Decolonising Soviet Studies (DSS)


CEREES Collaborative Research Network


Decolonising Soviet Studies (DSS) is a cross-institutional initiative formed by Petr Budrin (QMUL), Pavel Stepanov (Cambridge), and Ksenia Butuzova (Oxford). DSS organises interdisciplinary workshops, lectures, and events exploring how imperialism manifested itself in culture, ideology, and language in the Soviet Union. We invite established scholars and early career researchers from a variety of disciplines and regions of the former Soviet Union who are working to decolonise their national histories, identities, and cultures. We believe that this interdisciplinary and cross-cultural perspective is essential for understanding the complexities of the early Soviet period and its ongoing influence on the present.

Organisers:

Petr Budrin (QMUL), Ksenia Butuzova (University of Oxford), Pavel Stepanov (University of Cambridge).

Email: dss.research.network@gmail.com

Twitter: @dss_network

 


Events


DSS Second Lecture: Professor Yuliya Kozitskaya (Nazarbaev University)
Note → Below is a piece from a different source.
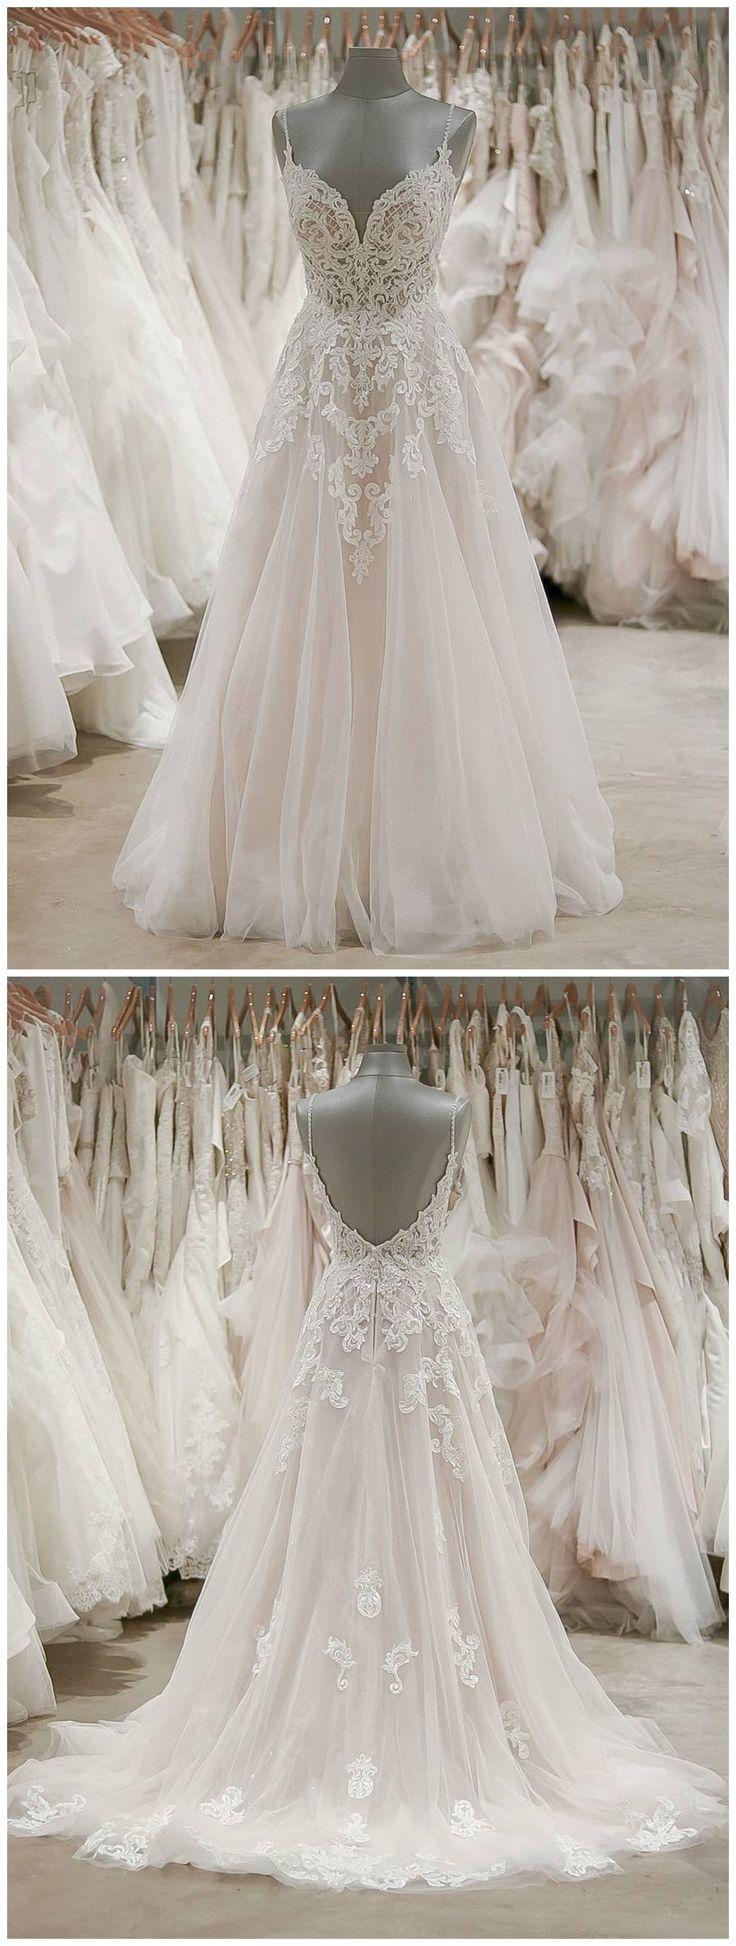 Spaghetti Strap V Neck Beach Wedding Dresses Beaded Bodice Wedding Dress AWD1180

Fri May 19 2023 at 05:00 pm to 08:00 pm

Yuliya Kozitskaya is an Assistant Professor at Nazarbayev University, School of Sciences and Humanities. She holds a Ph.D. in Philology and Linguistics from the Higher School of Economics (Moscow). Dr. Kozitskaya’s research interests include 20th-century literature, Soviet literary canon, Kazakh literature and theory of translation. In her dissertation, Dr. Kozitskaya studied the processes of formation of Kazakh Soviet literature in the 1930s, with the help of several case studies based on archival work, and analyzed the role that Moscow institutions, such as the Union of Soviet Writers and Soviet publishing houses, played in these processes. The research focused on the specifics of the status of the ‘Soviet national writer’ and showed the complexity of the relationship between Moscow as a center of the USSR and Kazakhstan. Now Dr. Kozitskaya is working on her first monograph about Kazakh literature of the 1930s.

The lecture will focus on English-language translations of Kazakh poetry texts and their publication in the English-language version of International Literature journal. The history of this journal is of particular interest because it used to be published in several languages and was the printed medium of the International Union of Revolutionary Writers . The original mission of the journal was to publish texts by left-wing writers. However, as time passed, the journal began to serve a different purpose, transmitting Soviet culture and ideology abroad. It thus became an original showcase of Soviet culture. Translations of the texts of Soviet Kazakh authors appeared in this journal in the late 1930s and 1940s. In her lecture, Yuliya will speak about the selection of Kazakh Soviet authors texts for publication in English, about who and how exactly translated them into English, and what goals these English-language translations pursued.

 


DSS Opening Lecture: Professor Nariman Skakov (Harvard University)

Soviet “Friendship of the Peoples” is the opening lecture of the Decolonising Soviet Studies Research Network

Wed, 8 Mar 2023 17:30 GMT

Nariman Skakov is an Associate Professor of Slavic Languages and Literature at Harvard University. His teaching and research interests lie primarily in 20th-century Russian/Soviet/Post-Soviet culture. More specifically, they include Early Soviet Avant-Garde, Modernism, Russian Formalism, Mikhail Bakhtin, Andrei Platonov, Soviet Orient, Moscow Conceptualism, Soviet and post-Soviet Cinema, and contemporary art.

He is currently working on a monograph titled Reorientalism: From Avant-Garde to National Form. Drawing upon extensive archival sources, it explores theoretical works, prose fiction, children’s books, film scripts, photo books, and documentary and feature films. The study attempts to bring into amplified visibility the new life of the Russian modernist tradition in the period which ostensibly repressed and decimated it.

Professor Skakov’s lecture is an opening event of Decolonising Soviet Studies (DSS) Research Network

‘Soviet “Friendship of the Peoples” as Management of Difference’

Paradoxically, the Stalinist vision of Soviet internationalism, articulated alongside the anti-cosmopolitan campaign of 1948–53, denied any form of external cultural influence in relation to Russian culture — the core of the Soviet state paradigm. It celebrated diversity while preserving essentialist “purity.” In a new post-1948 vision of the ethnic diversity of the Soviet state, the Russian national form prevailed, as it was conceived as a privileged form of particularity that had immediate access to the universal. This process resulted in the eventual homogenization of difference: other Soviet national forms, led by the Russian vanguard, aspired toward the eventual eradication of difference (and the emergence of universal proletarian culture). Instead of treating difference as difference, late Stalinist ideologues conceptualized difference as undergoing a gradual process of homogenization. Consequently, ethnic difference was rendered through the prism of ideological sameness. The paper traces the elevation of the “Russian national form” by examining multiple designs of the “Friendship of the Peoples” fountain, built in 1954 at the All-Union Agricultural Exhibition (later known as VDNKh).